### Tamara Broderick featured by “Women in Machine Learning”

Tamara Broderick is the ITT Career Development Assistant Professor at MIT. At MIT, she is a member of the Electrical Engineering and Computer Science Department, the Computer Science and Artificial Intelligence Laboratory, and the Institute for Data, Systems, and Society. She creates streaming, distributed methods to unite Bayesian models and big data. She writes:

“The promise of Big Data isn’t simply to estimate a mean with greater accuracy; practitioners are interested in learning complex information and interactions from large data sets. Bayesian statistics allows not only flexible modeling but also a coherent treatment of model uncertainty as data accrue. Moreover, nonparametric Bayes goes a step further by providing models whose complexity grows with the size of the data. We expect to see, e.g., a greater diversity of topics as we read more documents from the New York Times or more social groups as we process more of Facebook’s network structure.

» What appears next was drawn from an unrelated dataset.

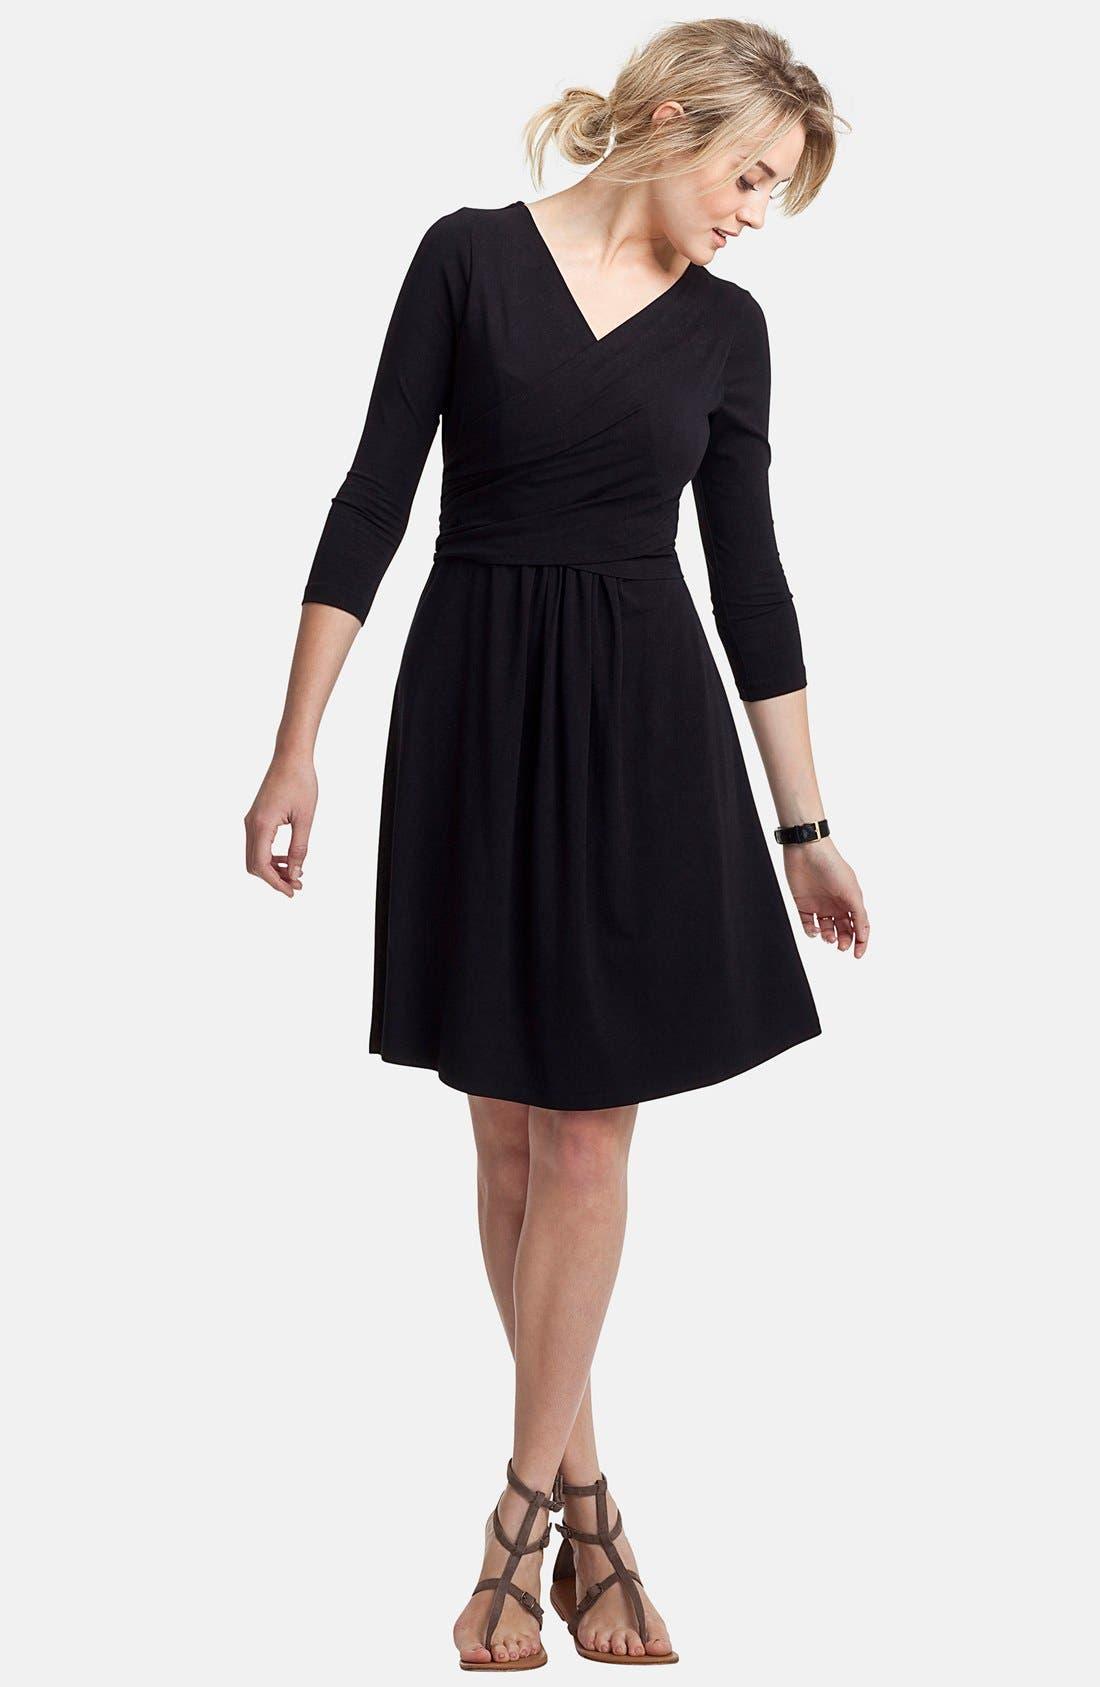 ISABELLA OLIVER,                             'Avebury' Nursing Wrap Maternity Dress,                             Alternate thumbnail 5, color,                             001

“The output of a Bayesian analysis (parametric or nonparametric) is the Bayesian posterior distribution. For complex problems, the posterior cannot be calculated exactly, and much work has focused on delivering an accurate posterior approximation. But the computational cost of these approximations can sometimes be prohibitive.

“In a series of projects, I’ve been working on the idea that sometimes we’re willing to trade off some knowledge of the posterior for computational gains. At one extreme, I developed a method ‘MAD-Bayes’ that turns complex nonparametric Bayesian models into simple-to-use, K-means-like objective functions. It lets us get fast point estimates, but at the cost of accurate uncertainty estimates. MAD-Bayes has been used in a number of biological applications, including the analysis of tumors that may exhibit multiple types of cancer.

“On the other end, I’ve worked on improving mean-field variational Bayes (MFVB), a popular and fast posterior approximation method that is known to provide poor estimates of both individual parameter uncertainty and covariance between parameters. Uncertainty is hugely important in many applications; you might make a very different investment if you knew the return would be exactly $20 vs if you knew the return would be $20 with a standard deviation of $10K. My collaborators and I have extended the basic MFVB algorithm to a version that can make use of modern, distributed architectures and work on streaming data—and also developed an augmentation to MFVB that delivers accurate estimates of posterior uncertainty for model parameters.”